Regarding the calculating the mean, do you need to keep the list of values and recalculate each time or can you keep a count and running total of the sum? Then you would not need numpy for this calculation.
I don't understand why you are calculating md_reward like this. Please provide logic and reason. But
landa = sub / std if std != 0 else 0
coefficient = -1 + ( 2 / (1 + np.exp(-constant2 * landa)))
md_reward = reward + (reward * constant1 * coefficient)
will not give what you are looking for. Because lets consider below cases
for md_reward to be .75
--> coefficient should be -1
--> landa == -infinite (negative large value, i.e. , rand should be much larger than 32)
for md_reward to be 1
--> coefficient should be 0
--> landa == 0 (std == 0 or sub == 0) # which is possible
for md_reward to be 1.25
--> coefficient should be 1
--> landa == infinite (positive large value, i.e. , rand should be much smaller than 15)
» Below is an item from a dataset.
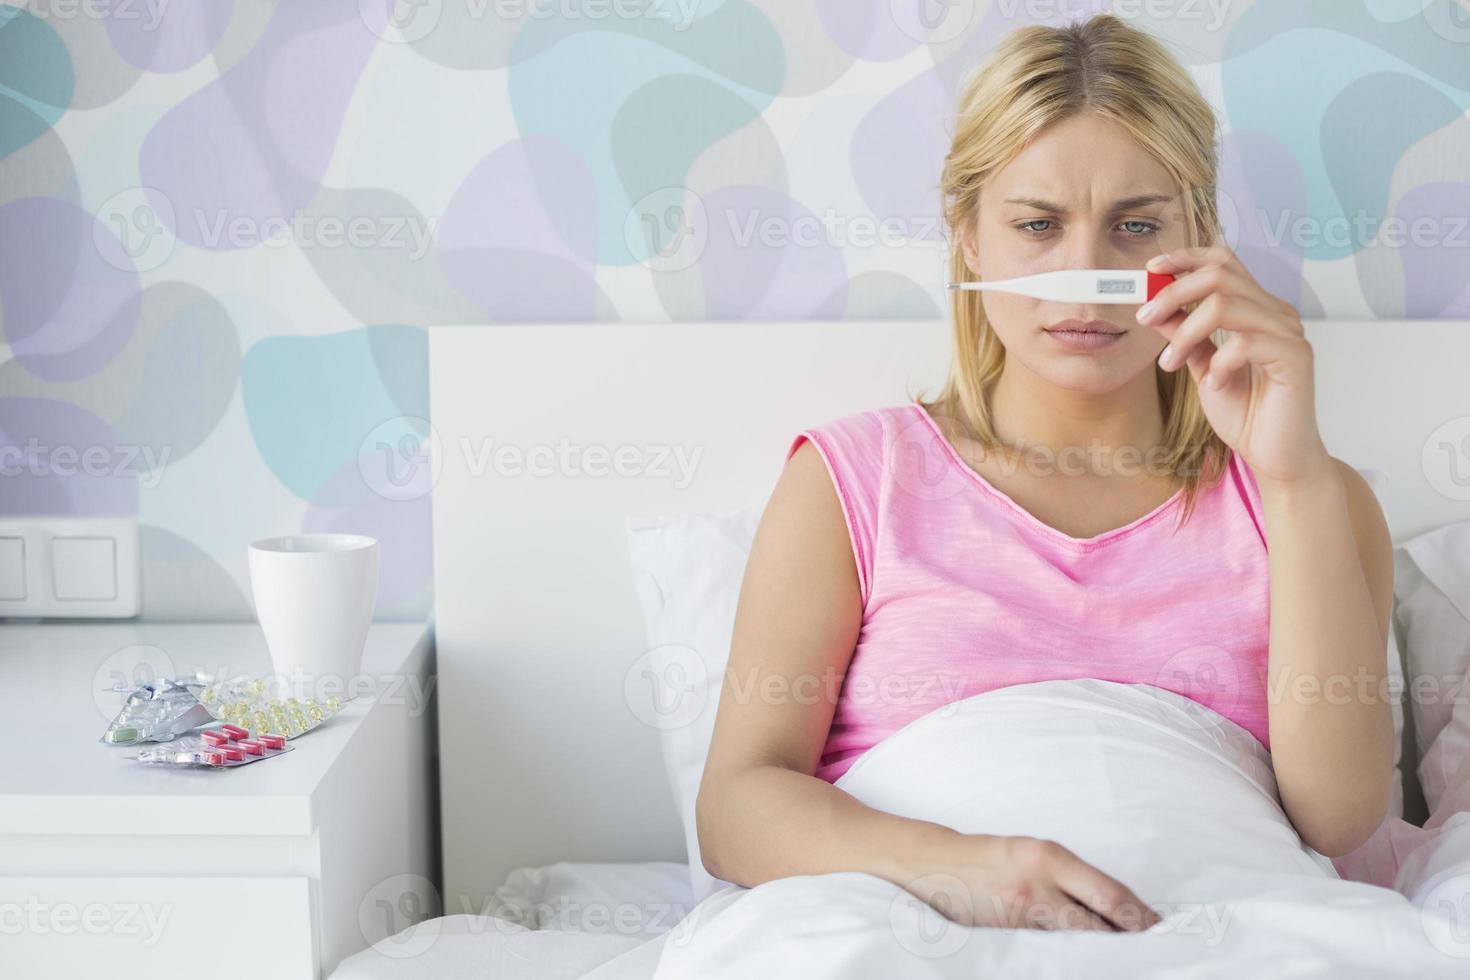 krank zu Hause foto
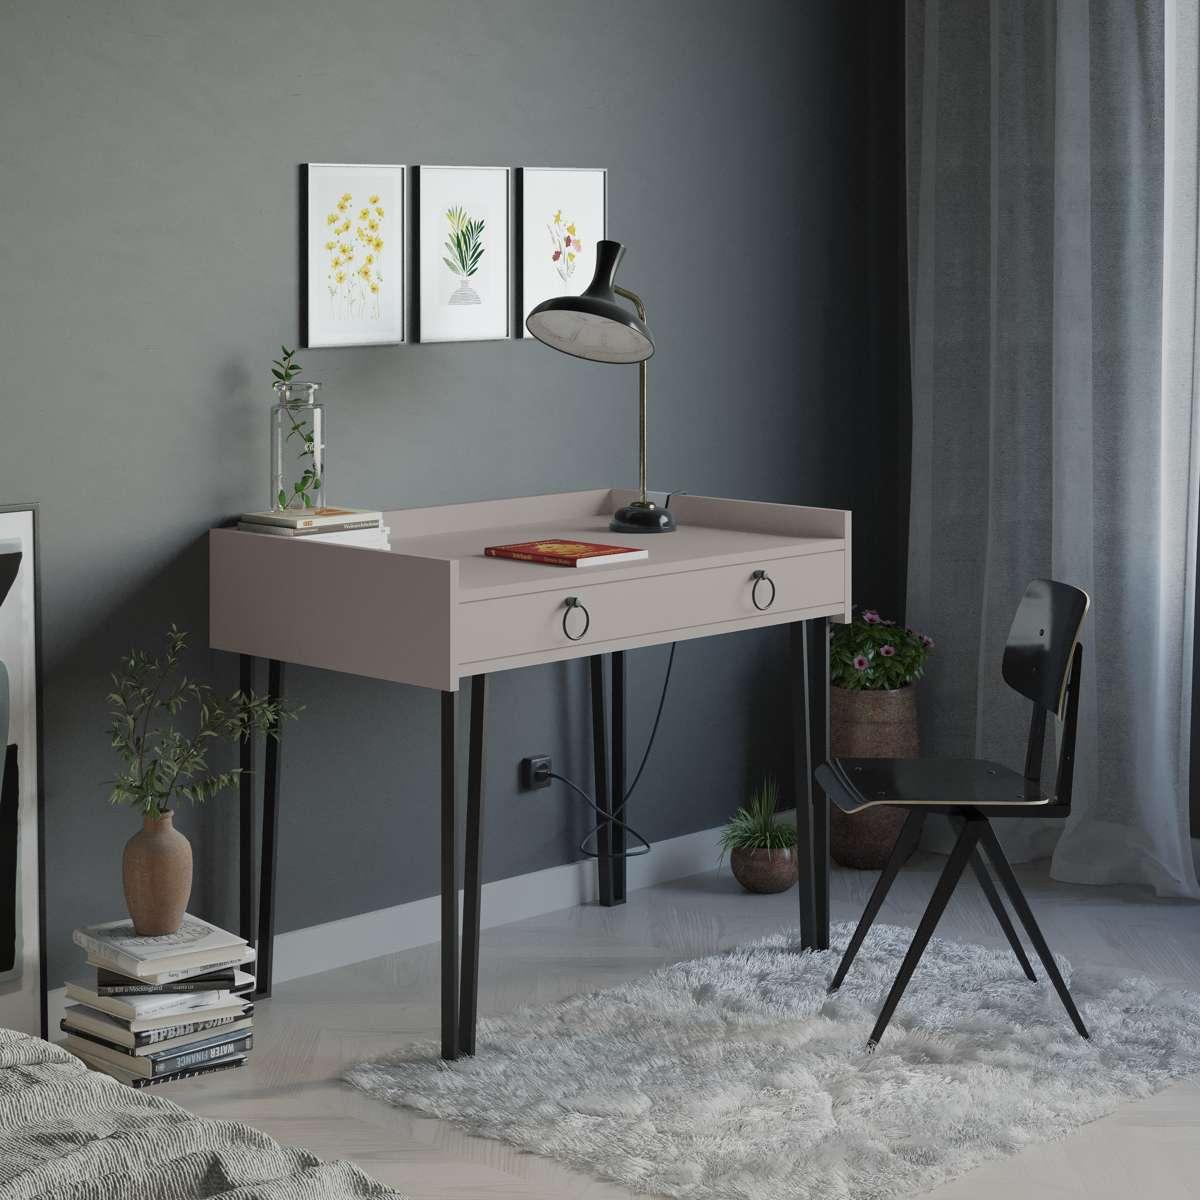 שולחן כתיבה Sponge Study Table מוקה מסדרת Decoline

If you want to normalize reward from avg to max and avg to min. check below links.
https://stats.stackexchange.com/questions/70801/how-to-normalize-data-to-0-1-range
https://stats.stackexchange.com/questions/70553/what-does-normalization-mean-and-how-to-verify-that-a-sample-or-a-distribution
Now modify your function with something below.
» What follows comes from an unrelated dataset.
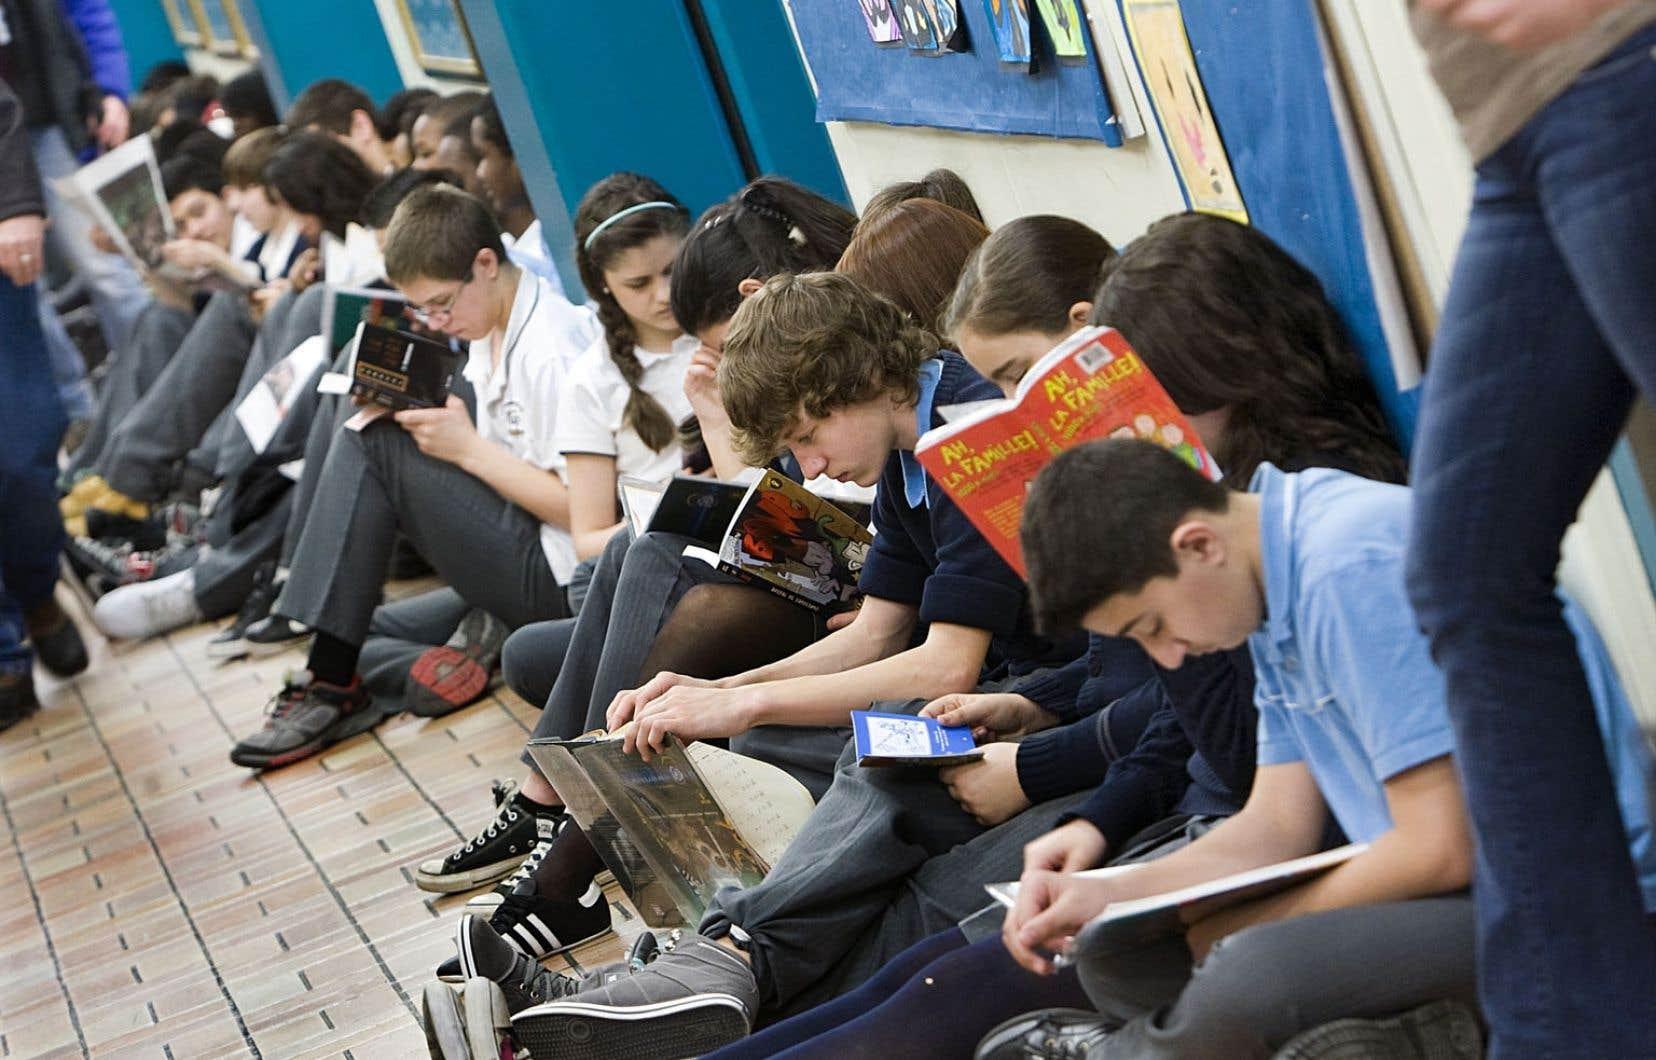 Les adolescents sondés par l'éditeur des <em>Débrouillards</em> ont affirmé qu'ils souhaitent avoir des informations pour décrypter ce qui se passe dans le monde.

def modify_reward(lst, rand):
reward = 1
constant1 = 0.25
min_value = 15
max_value = 32
avg = np.mean(lst)
if rand >= avg:
md_reward = reward - constant1*(rand - avg)/(max_value - avg) # normalize rand from avg to max
else:
md_reward = reward + constant1*(1 - (rand - min_value)/(avg - min_value)) # normalize rand from min to avg
return md_reward
I have used below method
Normalized:
(X−min(X))/(max(X)−min(X))
for case rand >= avg
min(X) will be avg and max(X) is max_value
and for case rand < avg
min(X) in min_value and max(X) is avg
Hope this helps.
Try this
def modify_reward(lst, rand):
reward = 1
constant = 0.25 #Think of this as the +/- amount from initial reward
global avg
avg = np.mean(lst)
sub = np.subtract(avg, rand)
dreward = 0
if sub>0:
dreward = sub/(avg-15) #put your lower boundary instead of 15
elif sub<0:
dreward = sub/(32-avg) #put your higher boundary instead of 32
md_reward = reward +(dreward*constant)
return md_reward
This is the linear solution inspired by #AakashM. I don't know if this is what you were looking for, but this fits your description.